The news warned of possible ice storm reminiscent of the kind that hit us in the 90's. I thought about power outages. Here's what I did to prep for it - I must say my adrenaline was running high! :tango_face_smile:

Bought more bread for the freezer. Grabbed a big pack of jumbo dogs on sale at my local grocery store (happened to be my fave, saw this size only in Costco), and more eggs. Bought more fruits that could keep for quite a while, celery and carrots too. Got more beverages like colas and fruit juice.

Made egg salad, also boiled extra eggs. Baked a slew of chicken drumsticks (they're good eaten cold, too). Made a large tub of cold asian noodle salad which had veggies also mixed with it - the vinaigrette dressing helps to make it last longer in the fridge.

Did all my laundry.

Explained to the international students staying with us to grab a shower before the storm hits (as there might not be any available hot water if the power goes out).

Reviewed my other stockpile (to know where items are).


Well........we didn't get hit bad. Power didn't blink out. And, we've got lots of ready lunches available! :vs_laugh:


----------



## A Watchman (Sep 14, 2015)

charito said:


> Explained to the international students staying with us to grab a shower before the storm hits (as there might not be any available hot water if the power goes out).
> 
> Well........we didn't get hit bad.

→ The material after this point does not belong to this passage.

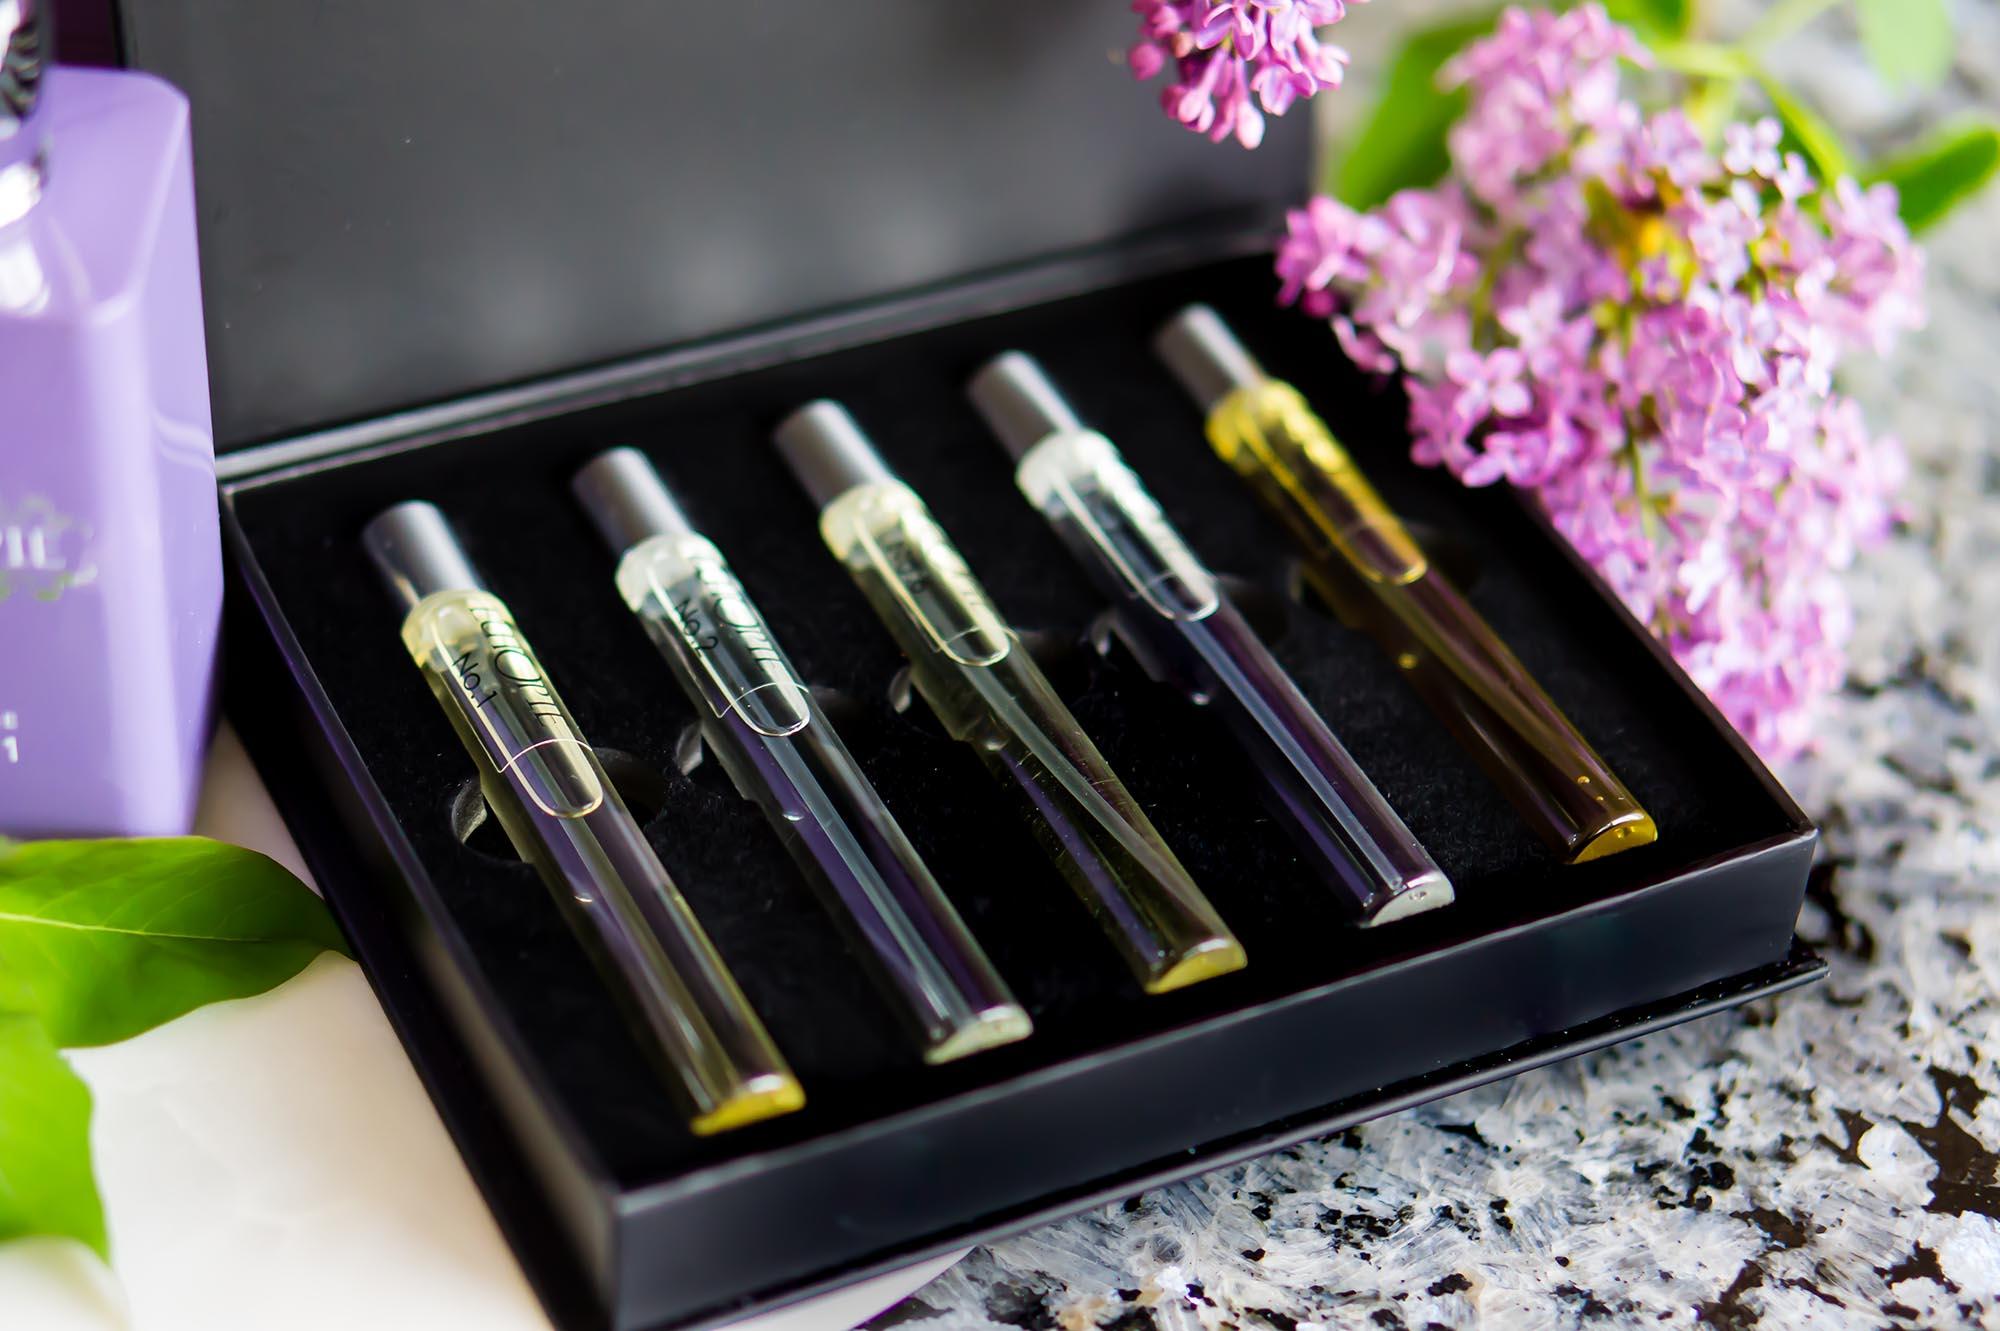 Eutopie travel set perfume niche fragrance Parfüm Nischenparfüm парфюм

Power didn't blink out. And, we've got lots of ready lunches available! :vs_laugh:


Last but certainly not least, the international students smell better! :tango_face_grin:


----------



## sideKahr (Oct 15, 2014)

You had it easy that time, buddy. :tango_face_wink: When you have enough time to make egg salad and Asian noodles, you're living a preppers life of luxury.

When you prep for an EMP, you get zero seconds of warning. Everything has to be completely ready all the time.


----------



## charito (Oct 12, 2013)

For those in charge of food prep and cooking in a prepper situation - don't let others handle the cooked food! 
Food will spoil faster if it's not handled properly. Be the one to dish it out.


Btw, I just found out there'll be potluck supper for the international students - they'll be bringing the noodle salad and the dogs! :tango_face_grin:


----------



## agmccall (Jan 26, 2017)

sounds more like a weekend camping trip. 

Why are the hotdogs not already in the freezer. What about water storage for a few days, What about alternative ways to cook so you do not have to prepare your meals ahead of time.

As someone mentioned an EMP or even a blackout from a heatwave in the summer gives you no time to plan a party

al


----------